En effet, le fun ressenti est en permanence à la fois stimulé et battu en brèche par la quantité de stress qui s'accumule. Or, cette tolérance au stress varie énormément d'un joueur à l'autre, mais surtout le fun peut rattraper et dépasser le stress plus ou moins vite avec l’expérience des parties, un peu comme pour n’importe quelle courbe d’apprentissage d’un jeu de société.
La différence, c'est que le rejet du stress est un poil plus violent que la traditionnelle surcharge cognitive induite par un jeu traditionnel et son apprentissage. Pourtant, de tels jeux ne relèvent pas vraiment de l'apéro prout prout et font preuve d'une élégance qui peut concurrencer les plus grands designers. C'est du soft fun mais du soft fun stylé quoi...
Concernant Quicksand, il faut donc savoir que le jeu comporte de nombreuses contraintes pas forcément ultra intuitives au premier coup d’oeil, mais tout cela va se lisser une fois que vous aurez automatisé les tâches. C'est d'ailleurs ce qui est le plus agréable dans ce jeu: devenir bon et jouer sans vraiment réfléchir.
Vous devez faire progresser des sabliers sur une piste en posant (avec des cartes) des couleurs ou des signes qui correspondent aux tuiles sur lesquelles les sabliers sont posés, sans les faire se doubler ni laisser le sable s’écouler. Si ce dernier cas se produit, on a une chance de le remettre en piste, mais cela dépend aussi de la chance de retirer une carte joker.
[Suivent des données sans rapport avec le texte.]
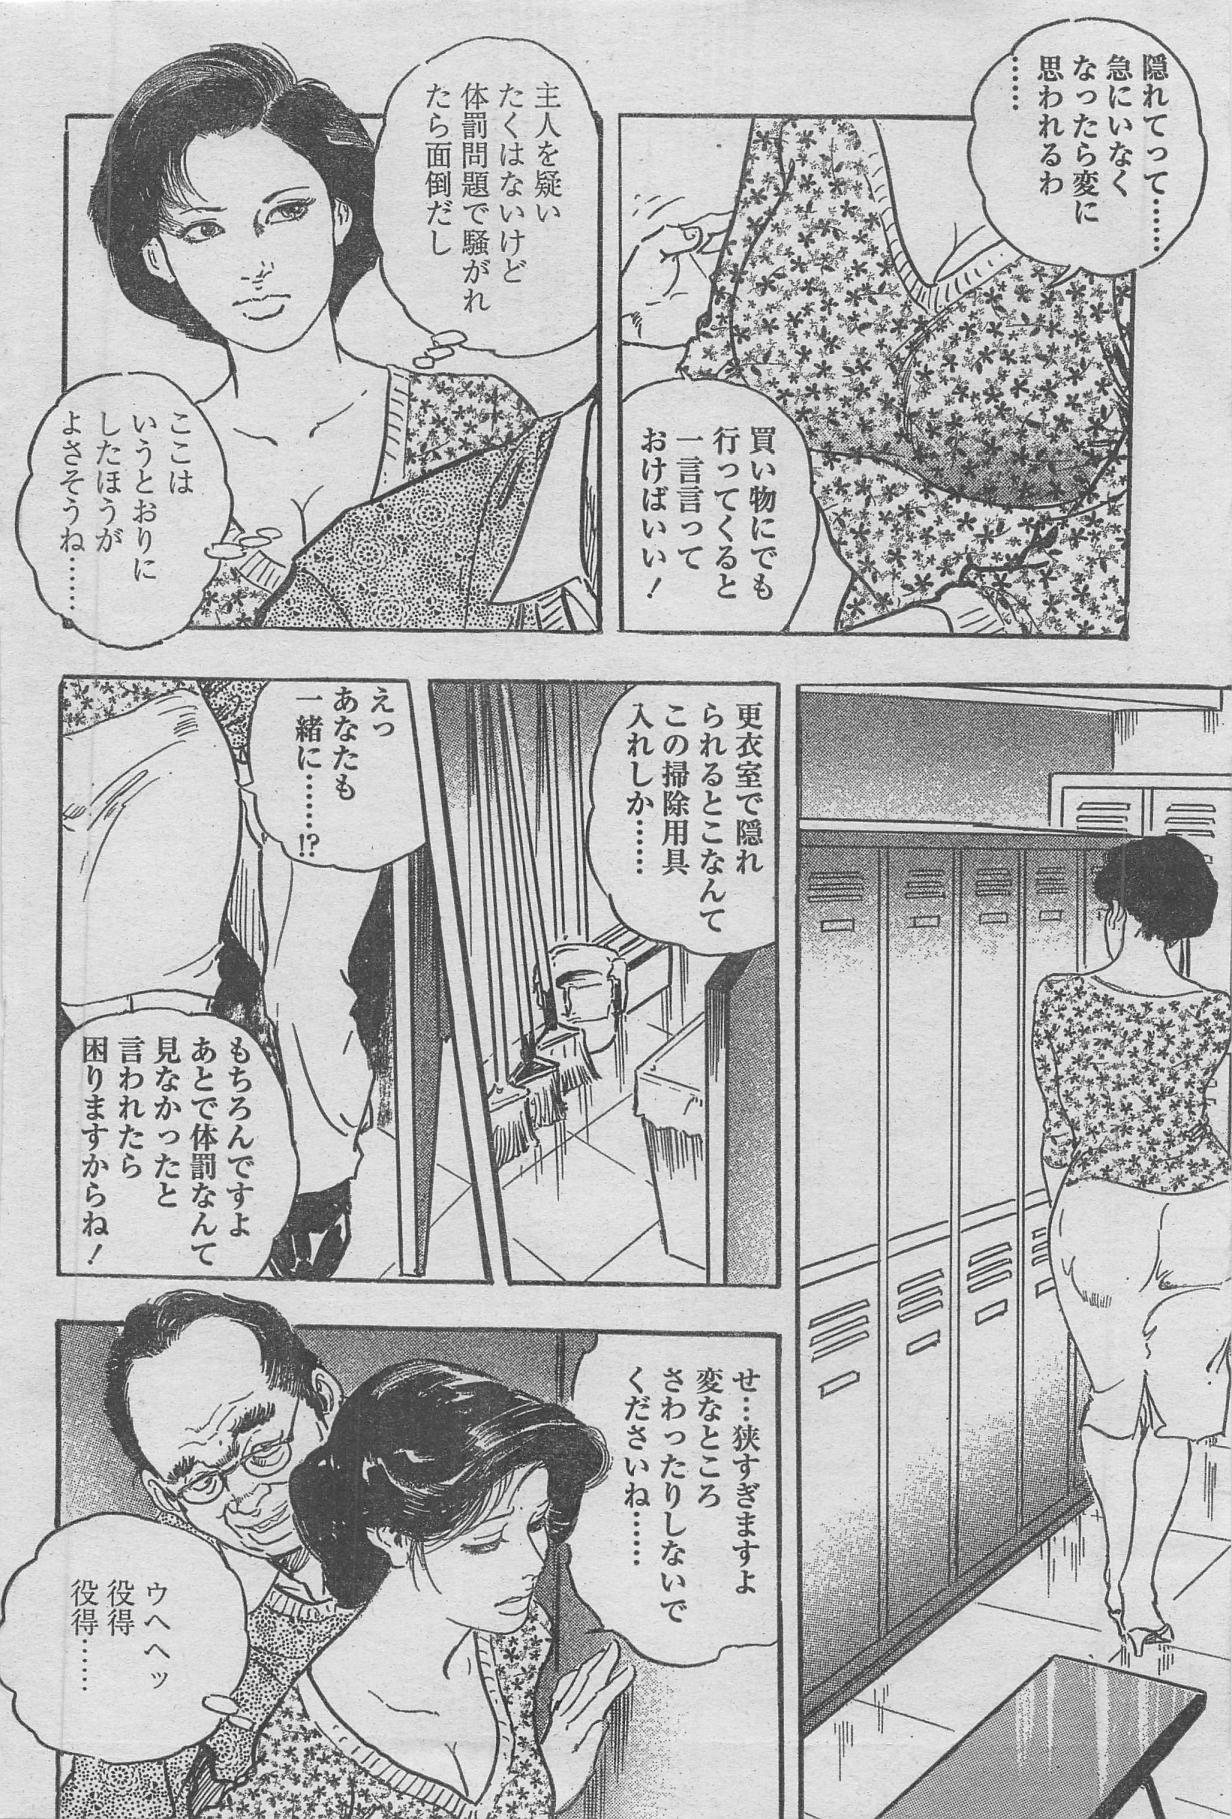 Manga Lawrence 2013-04 153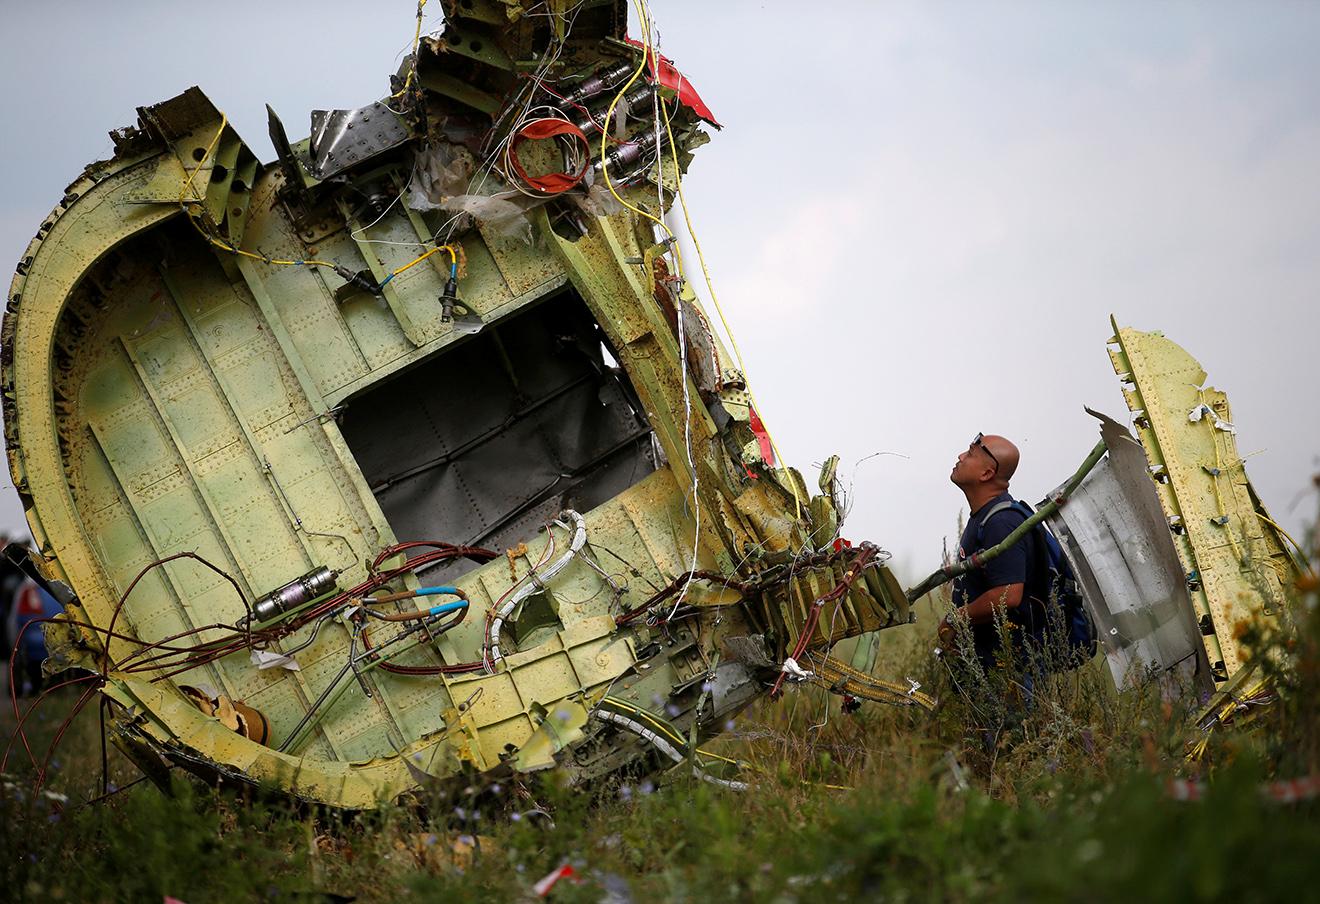 Малазийский эксперт по авиакатастрофам на месте крушения рейса МН17 «Малазийских авиалиний». Фото: Максим Змеев / Reuters

Ces contraintes, en particulier celles liées à l'écoulement du sable et à l'obligation d'utiliser les pouvoirs des cartes, sont en grande partie responsables de cette forte dose de stress qui peut sembler un peu agressive au début. Comme je le dis plus haut, pas de panique car une fois tout digéré (2 ou 3 parties, mais plus rapide pour les enfants qui sont plus habitués à ces jeux physiques) le fun refait son apparition. Par rapport à Fuse, on est sur du jeu intuitif, organique, à la limite de l’adresse et d’une sorte de sport même si la réflexion reste présente -et même souvent déterminante. Le fait de comprendre l’équilibre à maintenir entre les deux côté du sablier (pour que la quantité de sable reste suffisament équilibrée entre ses deux compartiments) est vraiment une sensation unique – peut-être que d’autres jeux l’ont utilisée mais je n’y ait pas joué ! On a l'impression de toucher les boutons d'une machine pour éviter en permanence la surchauffe, et c'est vraiment grisant lorsqu'on y parvient jusqu'à l'arrivée.
Quicksand est donc une excellente pioche dans son genre, mais ça ne se voit pas forcément dès les premières minutes de jeu, ce qui fait que je doute un peu de son potentiel commercial face à des jeux plus immédiatement attractifs (et souvent décevants ensuite). Au moins avec Quicksand il n'y a pas ce côté "coquille vide" -petit coucou au club des winners skyjo/splendor/flip seven, qui chez moi ont vite trouvé le chemin du placard pour y rester, sauf quand des invités les réclament en criant "arrête avec tes jeux obscurs et prise de tête!"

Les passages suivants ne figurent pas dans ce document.